Não-japoneses respondem por 70% de todos os alunos do ensino noturno

Filipino Teodoro Danicah Tan, de dezoito anos, espera ser uma médica no futuro, mas uma coisa estava atrapalhando seus planos: ela não se formara na escola secundária em seu país de origem.

Mas graças às aulas noturnas da escola secundária municipal Nishi-Nakahara em Kawasaki, Prefeitura de Kanagawa, ela está de volta aos trilhos para um dia realizar seu sonho.

“Um professor sempre esteve lá para me apoiar sempre que eu tive dificuldade em entender japonês”, disse Teodoro Danicah Tan sobre ir à escola à noite. “As aulas da escola eram difíceis de entender, mas divertidas de frequentar.”

Um número crescente de governos locais está se mudando para criar novas aulas noturnas em escolas secundárias públicas, das quais existem atualmente apenas 33 em todo o Japão.

Uma decisão foi tomada para abrir mais um em Shikoku. Um plano está sendo lançado em Hokkaido para a criação de outro.

Espera-se que as regiões de Tohoku, Tokai e Kyushu permaneçam desprovidas de aulas nocturnas do ensino secundário no futuro previsível.

Os recém-chegados ao Japão agora respondem por 70% de todos os alunos noturnos em escolas secundárias, em comparação com apenas 30% há uma década.

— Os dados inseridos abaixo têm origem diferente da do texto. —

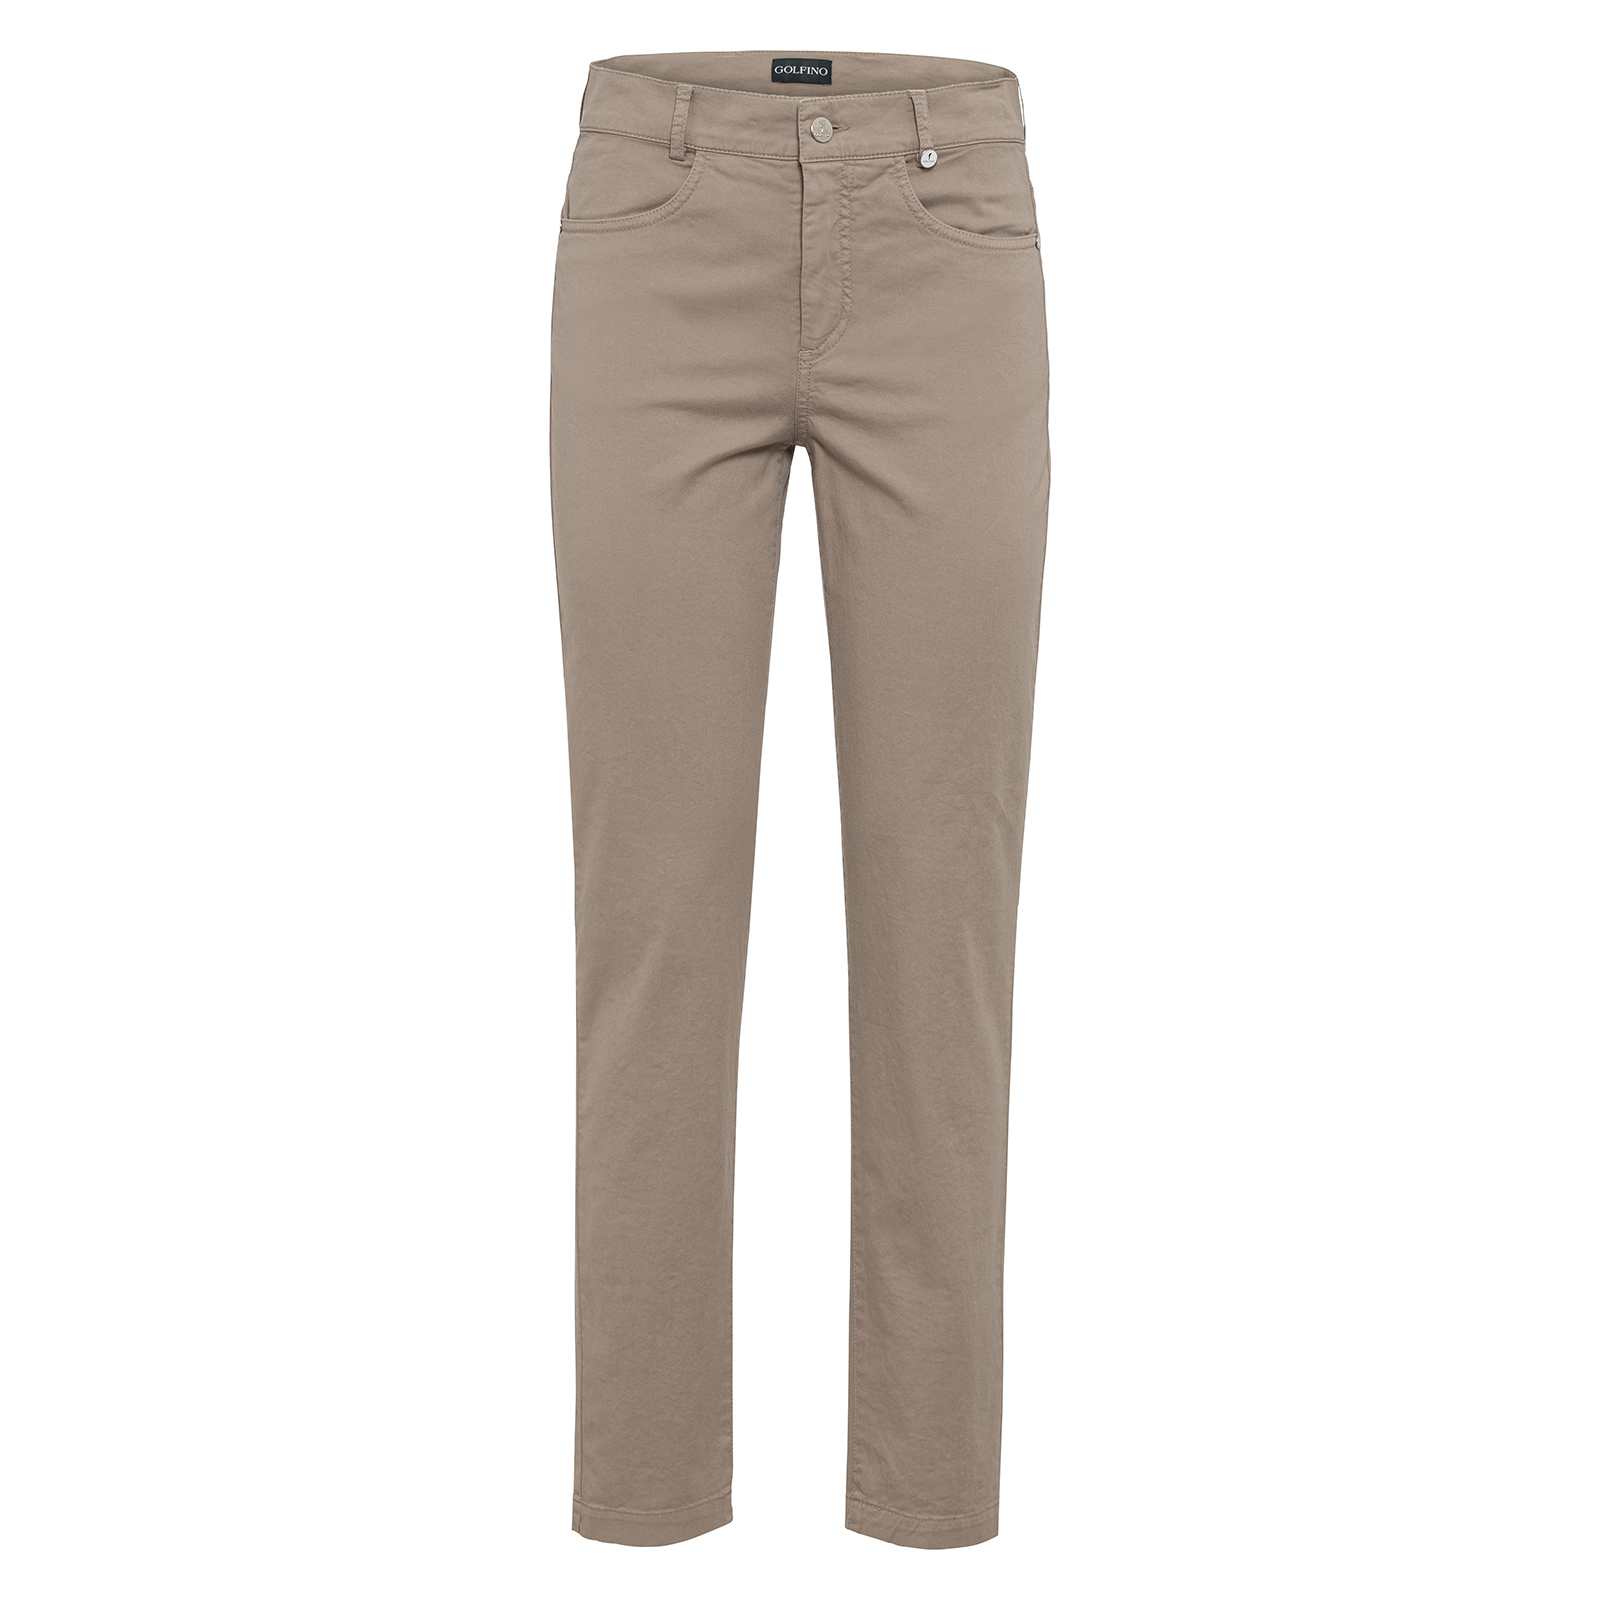 Soft cotton trousers for Ladies in 7/8 length

Defensores dizem que aulas noturnas semelhantes devem ser oferecidas para ex-alunos que estão há muito ausentes da escola, bem como para jovens não-japoneses que não conseguiram concluir a educação compulsória em seus países de origem. Isso poderia servir como um trampolim a partir do qual eles vão para escolas superiores ou empregos de terra.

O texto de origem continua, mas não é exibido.